Let's have a deeper look at the scores: 

In [19]:
temp = dict()

for name in classifiers.keys():
    cv = results[name]['cv']
    index = results[name]['index']
    temp[name] = {score: cv['mean_test_' + score][index] for score in scoring.keys()}

pandas.DataFrame.from_dict(temp).T.style.highlight_max()

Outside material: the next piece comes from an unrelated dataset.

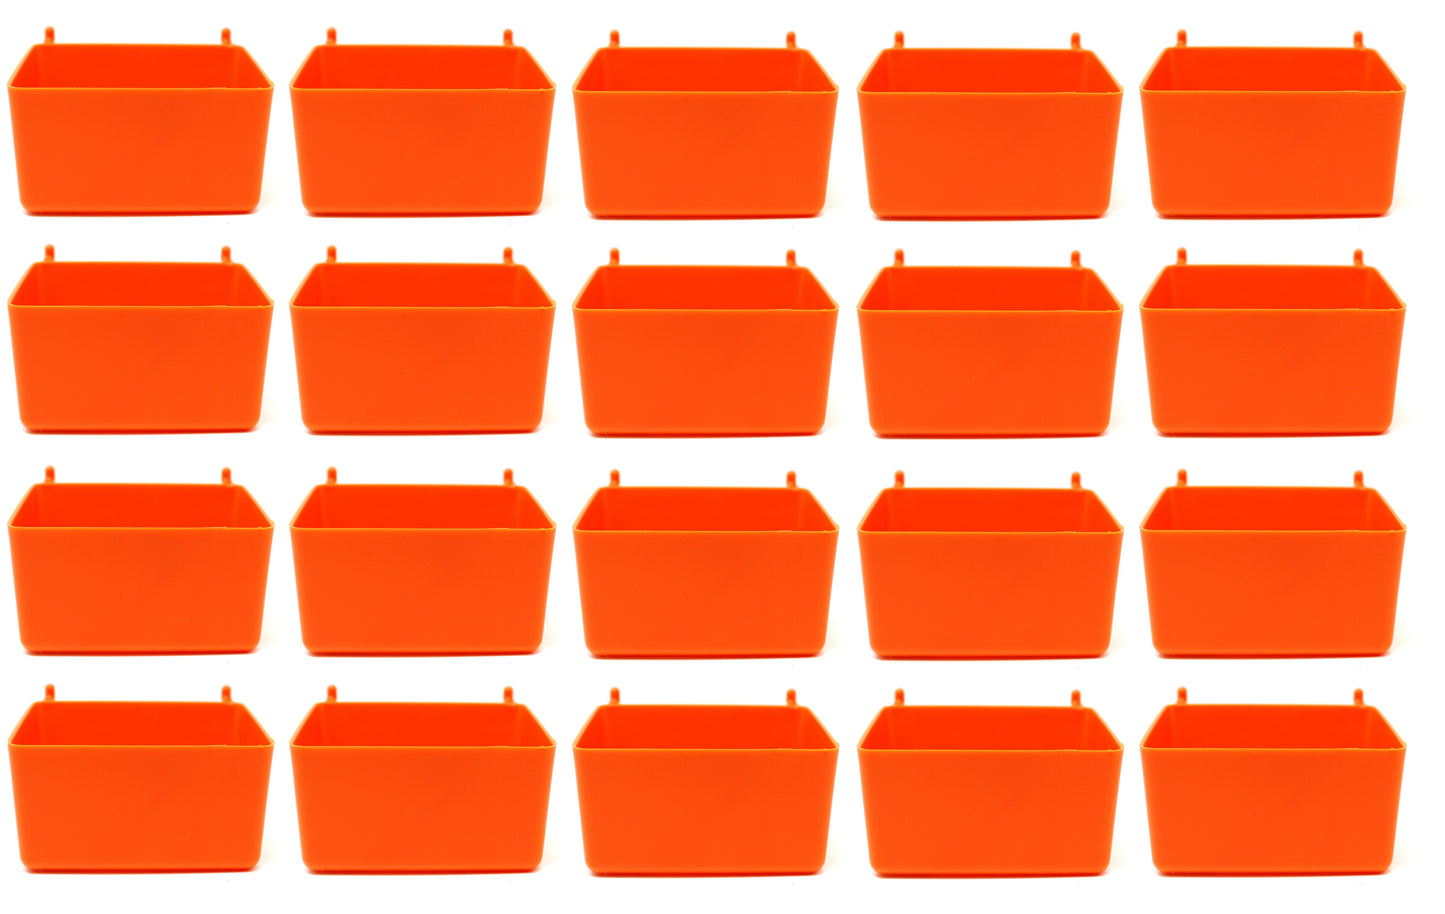 Small Plastic Orange Pegboard Storage / Part Bins - Heavy Duty - Multi Pack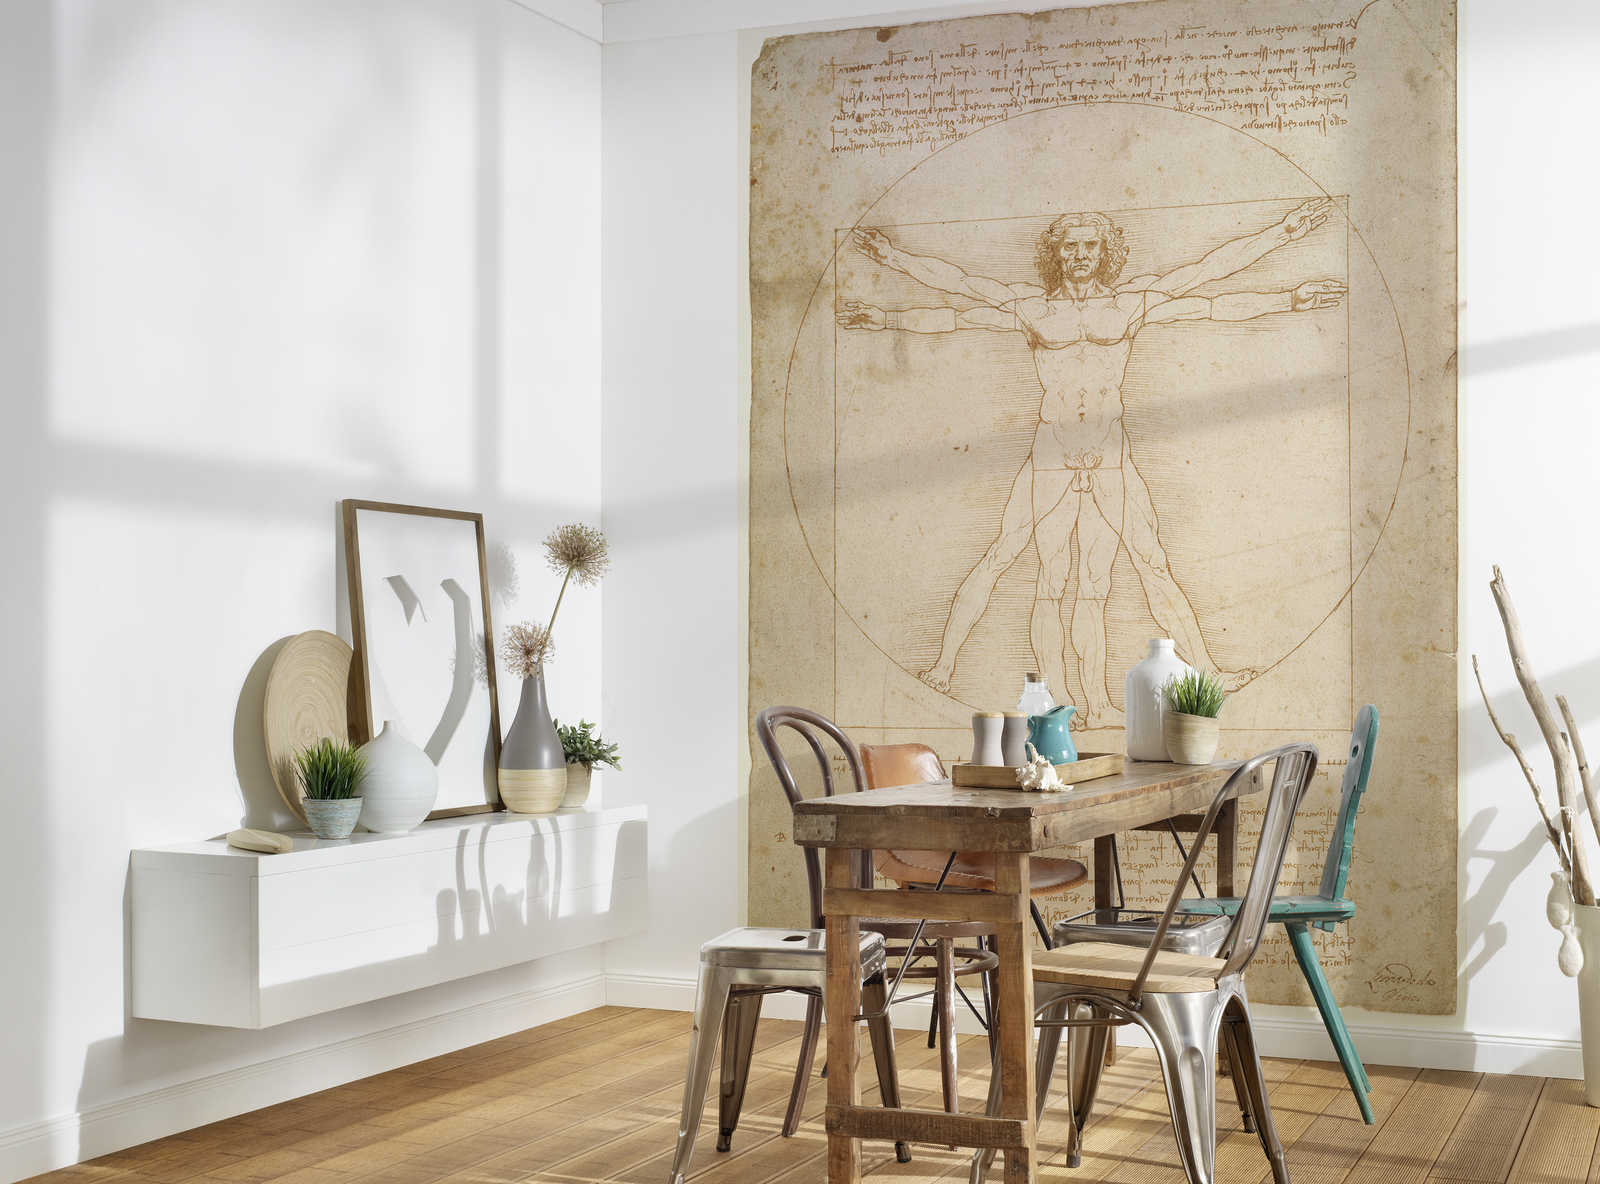             Photo wallpaper "The Vitruvian Man" by Leonardo da Vinci

Unnamed: 0,accuracy,precision,recall,f1,precision_bot,recall_bot,f1_bot,precision_human,recall_human,f1_human
linear_svc,0.848223,0.874151,0.848223,0.845378,0.971157,0.717784,0.824705,0.777118,0.9787,0.866057
multinomial_nb,0.871934,0.872586,0.871934,0.871881,0.864021,0.88253,0.872908,0.881142,0.86135,0.870855
knn,0.683091,0.802769,0.683091,0.647742,0.992623,0.369023,0.536488,0.612843,0.997284,0.759036
rndfrst,0.738615,0.78495,0.738615,0.727304,0.897645,0.541896,0.672958,0.67215,0.935485,0.781695
zeror,0.498956,0.248957,0.498956,0.332174,0.199529,0.4,0.266248,0.299427,0.6,0.39949


In [20]:
(
    pandas.DataFrame.from_dict(temp).T
    [['precision_bot','recall_bot','precision_human','recall_human','precision','recall','f1']]
    .sort_values('f1',ascending=False)
    .round(3)
)

Unnamed: 0,precision_bot,recall_bot,precision_human,recall_human,precision,recall,f1
multinomial_nb,0.864,0.883,0.881,0.861,0.873,0.872,0.872
linear_svc,0.971,0.718,0.777,0.979,0.874,0.848,0.845
rndfrst,0.898,0.542,0.672,0.935,0.785,0.739,0.727
knn,0.993,0.369,0.613,0.997,0.803,0.683,0.648
zeror,0.2,0.4,0.299,0.6,0.249,0.499,0.332


We'll then use **multinomial_nb** with its best parameters.